Обстановка на Балтике все более осложняется. Оба берега Финского залива почти полностью в руках гитлеровцев. Нас мучит совесть: в такое тяжелое время отсиживаемся в тылу. Мои товарищи — однокашники по училищу — воюют, да еще как! Вон Сережа Осипов, с которым мы вместе кончали училище, — торпедные катера под его командованием атаковали отряд вражеских кораблей и потопили два тральщика, повредили миноносец. А мы? Главный старшина мотористов Лебедев с горечью говорит: «Прохлаждаемся!..»

Приехал из Ленинграда краснофлотец Голованов. Привез письмо от моей жены. Она должна была с детьми, матерью и бабушкой выехать из Ленинграда. Фашисты разбомбили железную дорогу, разрушили мост. Эшелоны с эвакуируемыми остались в городе.

Многие моряки с кораблей уходят на сухопутный фронт. Ушло несколько человек и от нас: Бурминский, Филиппенко, Утокин и другие. Но всем уходить нельзя. Надо готовить корабль к боям.

В октябре начались заморозки. Нам приказали перейти из Кронштадта в Ленинград, на Неву. Здесь вместе с другими подводными лодками нас застала зима. Лодки вмерзли в лед у борта плавучей базы «Полярная звезда».

Судостроительные заводы эвакуированы. В застывших цехах гулким эхом раздаются отзвуки артиллерийской стрельбы. Снаряды с воем проносятся над самой крышей. Иногда они залетают и в цеха. Грохот взрывов, дым пожаров, мучительные артиллерийские и воздушные тревоги, голод, холод, отсутствие топлива и электроэнергии, разбитые трамваи на безлюдных заснеженных улицах... И бледные, худые лица ленинградцев, лица мучеников и героев, — разве забудешь их!..

И эти полуживые люди вместе с моряками ремонтируют боевые корабли. В отсеках подводных лодок, всегда сверкавших особой, щеголеватой чистотой, дымят самодельные печи-времянки. Копоть легла на промерзшие борта, на приборы. А в лодке лютый холод. Стук молотков, звон металла, визг сверл. Пальцы примерзают к холодной стали. И слабость во всем теле.

Мы на голодном блокадном пайке. Иной раз просто подняться по трапу — задача непосильная. Пока взберешься на верхнюю палубу, устаешь так, будто десяток километров отмахал. Но моряки и работают, и учатся, и еще находят силы, чтобы помогать жителям города.

О ленинградской блокаде много написано. Я вряд ли смогу сказать что-нибудь новое. И все-таки хочу привести несколько записей из моего дневника той поры.

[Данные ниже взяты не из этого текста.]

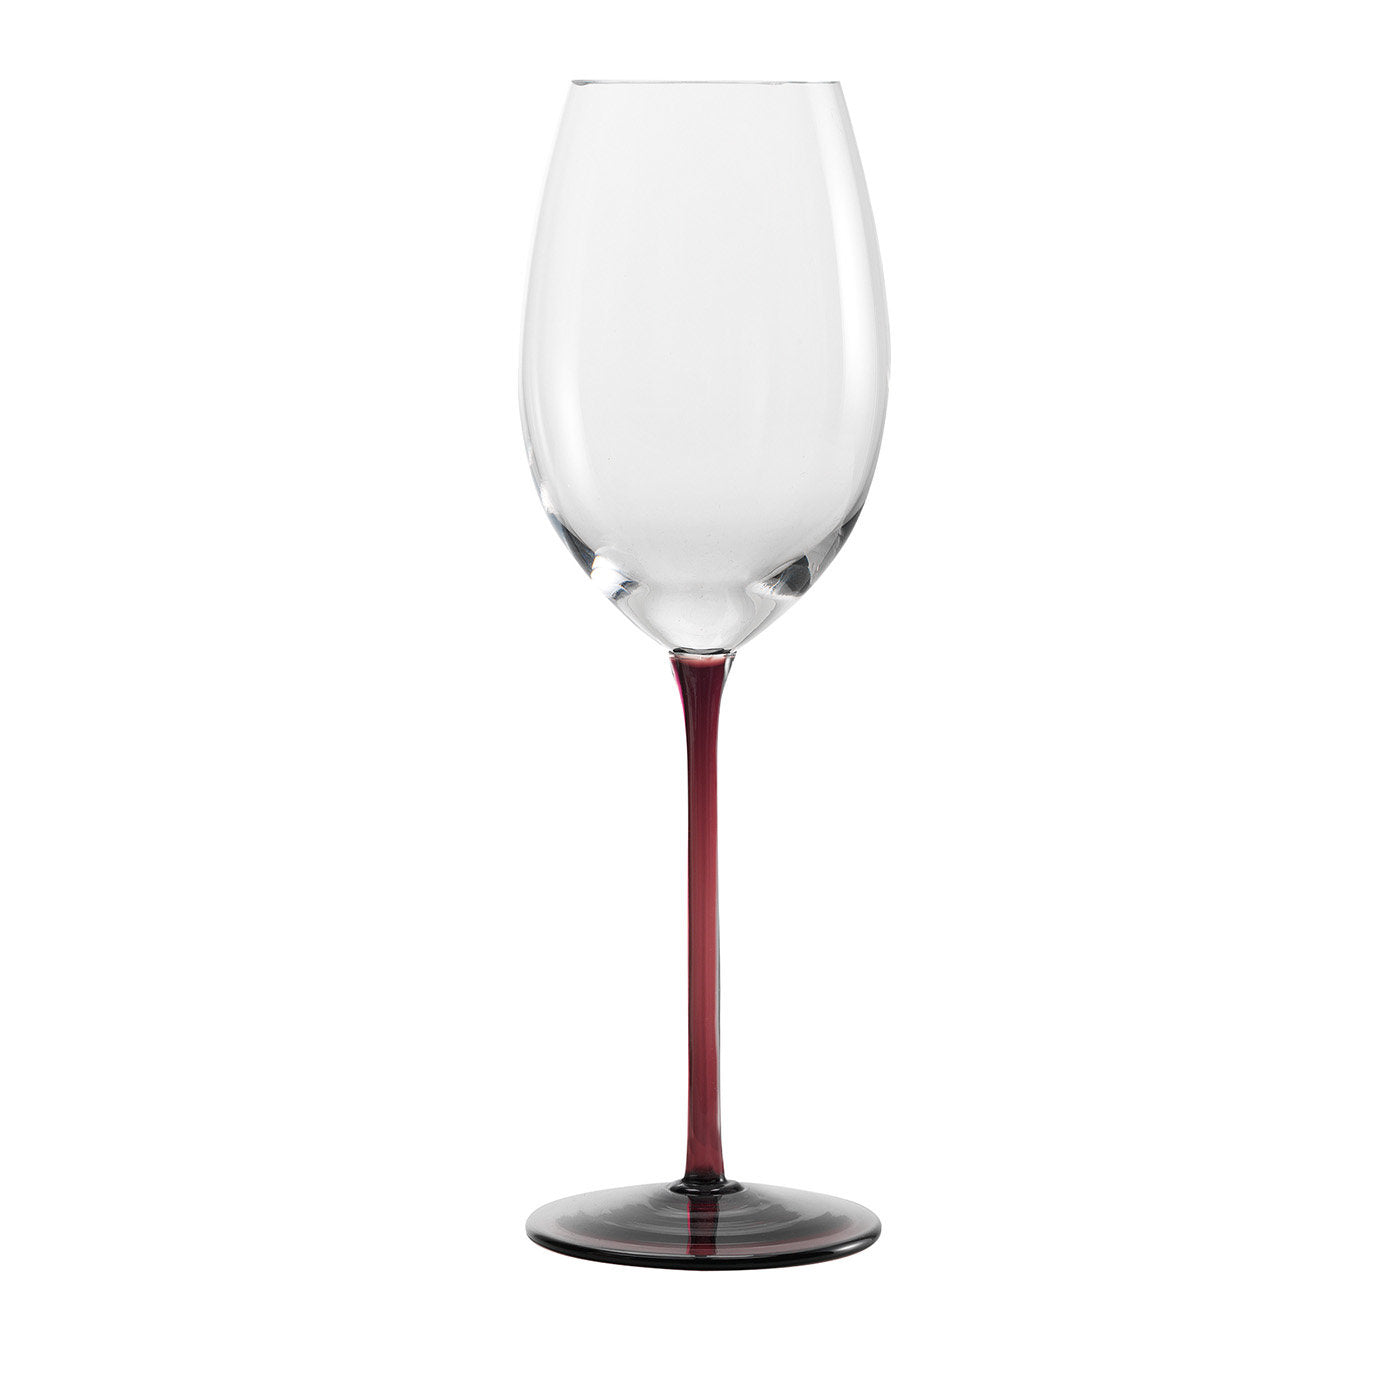 Bicchiere da vino bianco più alto - Vista principale

19 ноября 1941 года. Возвращался из штаба флота. Пока дошел, попал в две воздушные тревоги. Первую отсидел под аркой на Песочной улице. Вторая застала на Литейном мосту. Били наши зенитки. Осколки с визгом падали кругом. Добрался благополучно.

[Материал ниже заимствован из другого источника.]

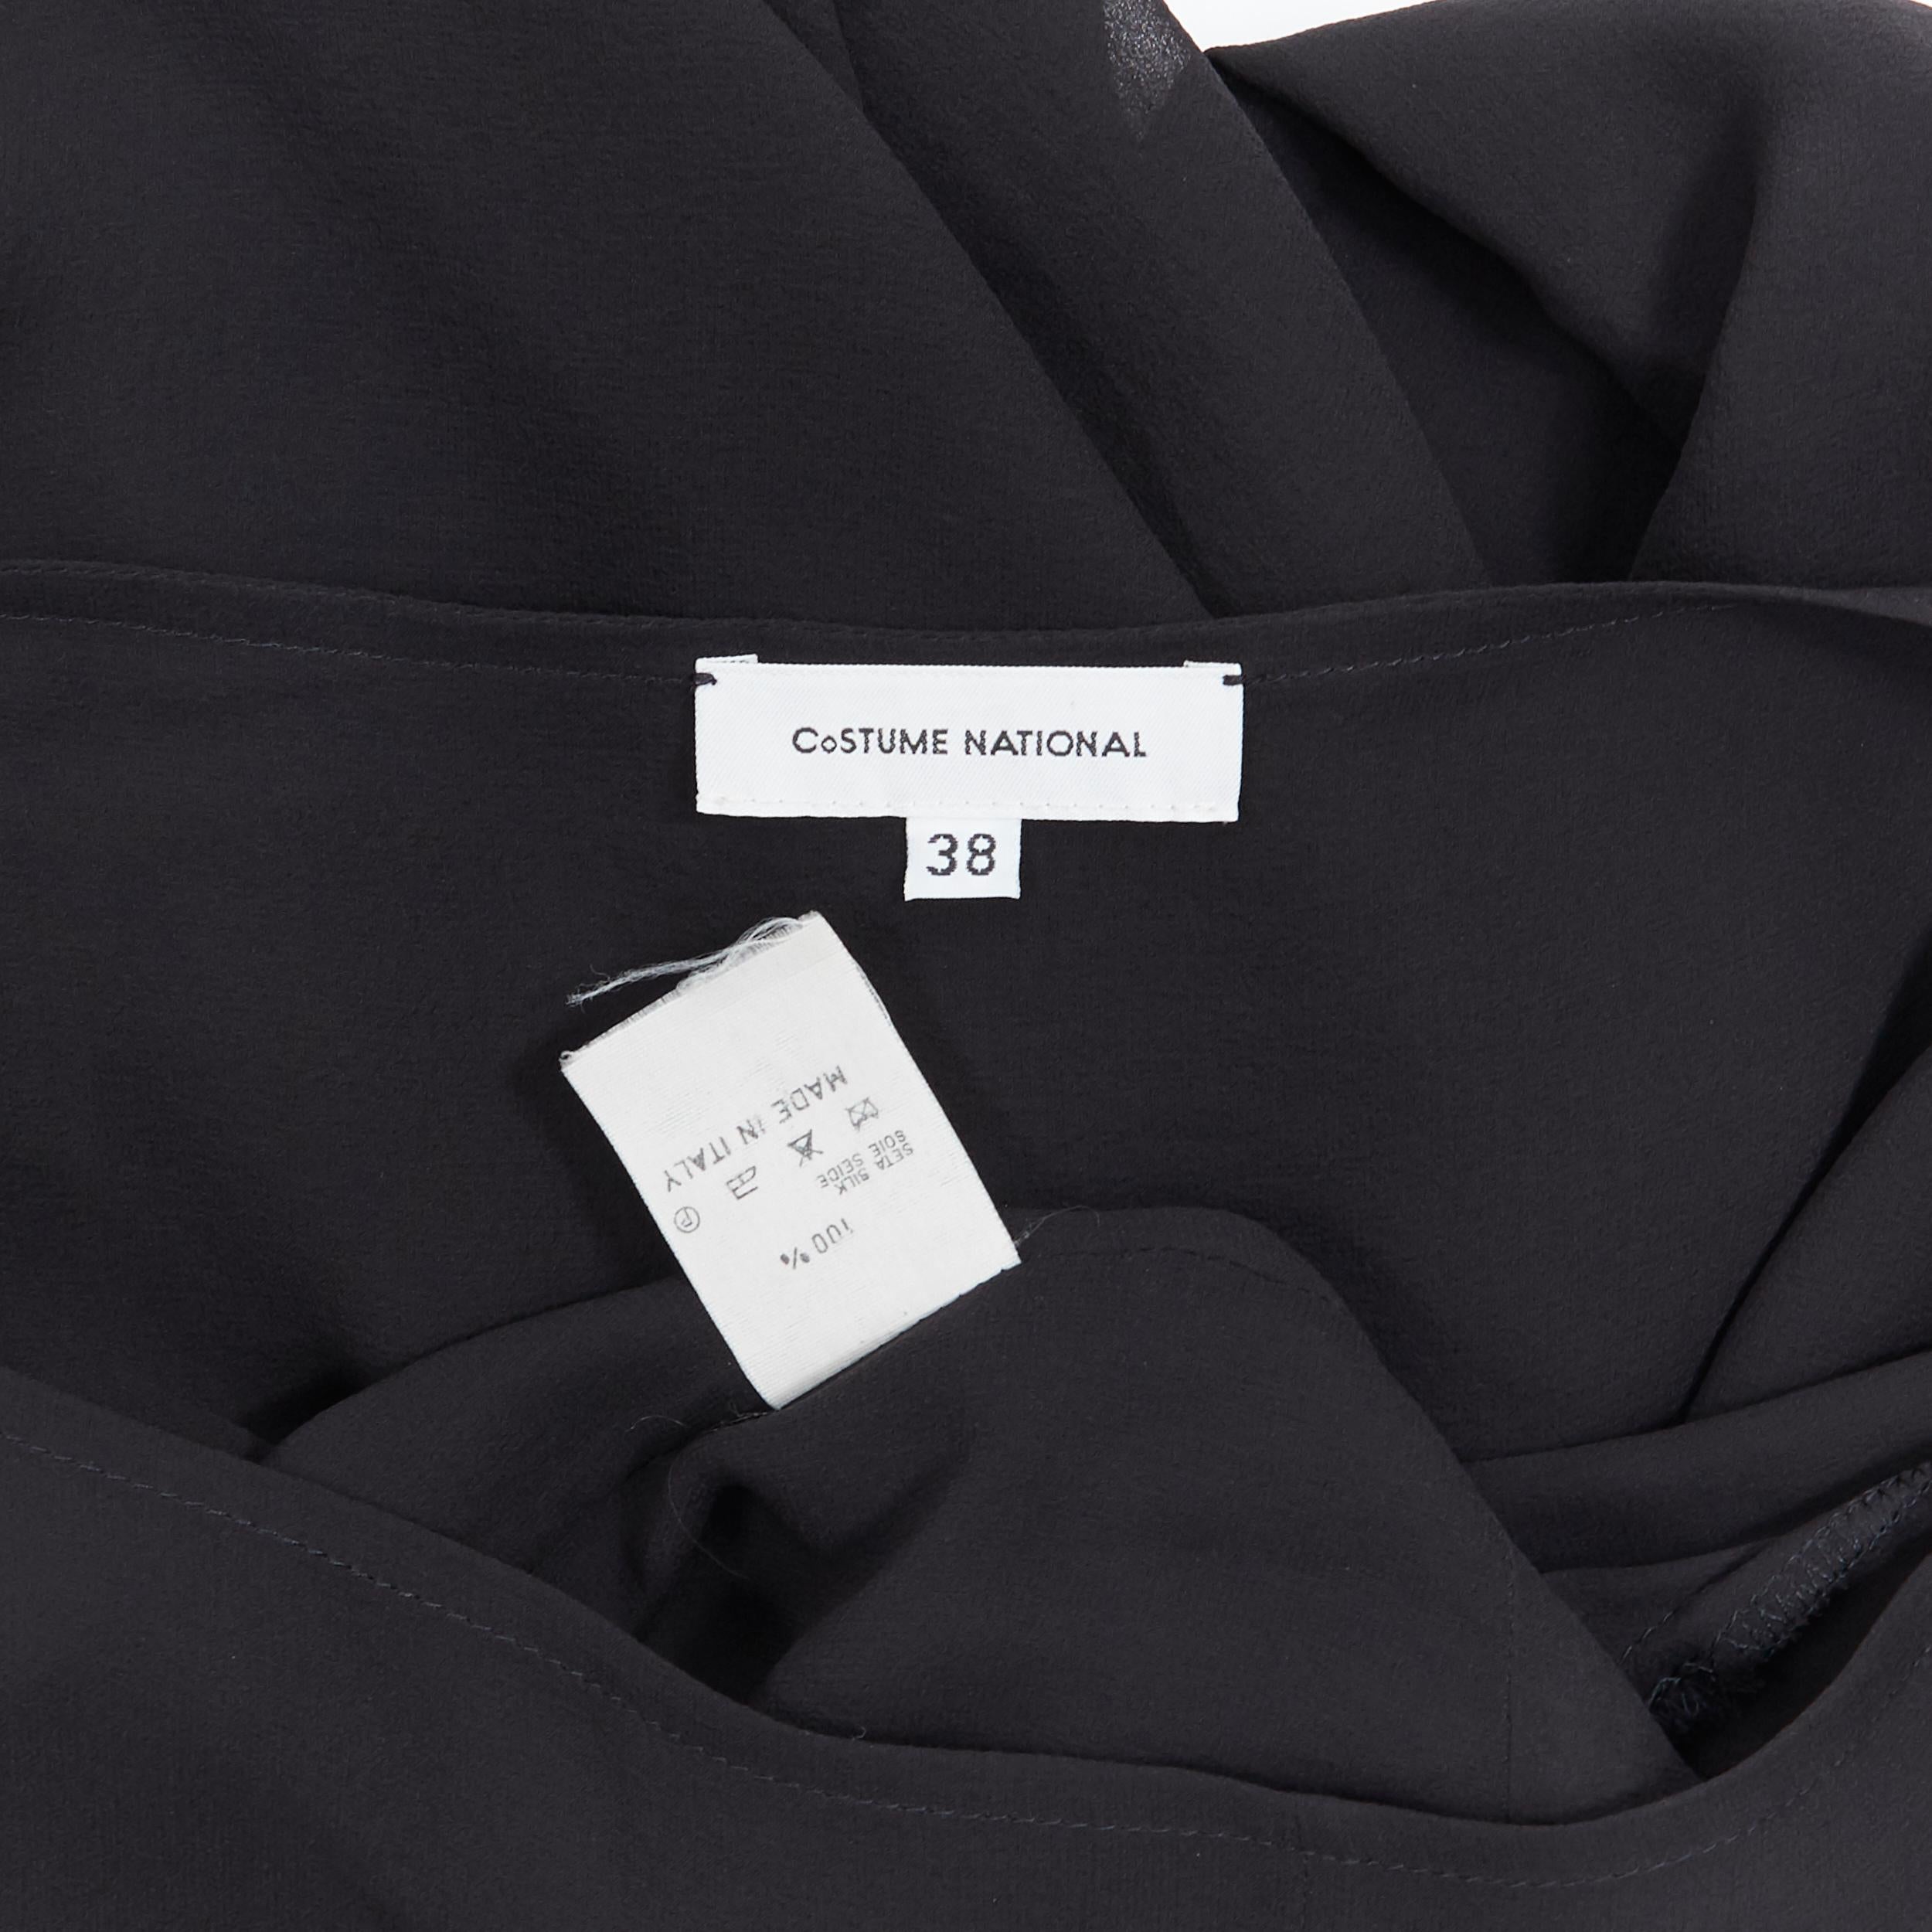 Women's COSTUME NATIONAL 100% silk black wide boat neck zip front top IT38 XS

Трудно. Флот заперт в Ленинграде. Наши подводные лодки скованы крепким невским льдом. И все-таки верю: настанет наш час!

20 ноября. Инженер-механик Петр Михайлович Ильин предлагает форсировать ремонтные работы. Говорит, что мотористы уложатся за два месяца. Нужны только запасные части и материалы. Посоветовался с военкомом Николаем Александровичем Костылевым и секретарем партийной организации корабля Борисом Георгиевичем Бойцовым. Решили вопрос о ходе ремонта вынести на открытое партийное собрание.

21 ноября. Только что закончилось партийное собрание. Кажется, уж хорошо знаю своих людей, а сегодня точно по-новому увидел их. Голодные, истощенные, продрогшие, усталые и — такая внутренняя сила! Постановили: ремонт закончить к первой подвижке льда. «Душа горит. Нет терпенья дождаться дня, когда выйдем в море топить врага», — сказал старшина мотористов коммунист А. Н. Лебедев.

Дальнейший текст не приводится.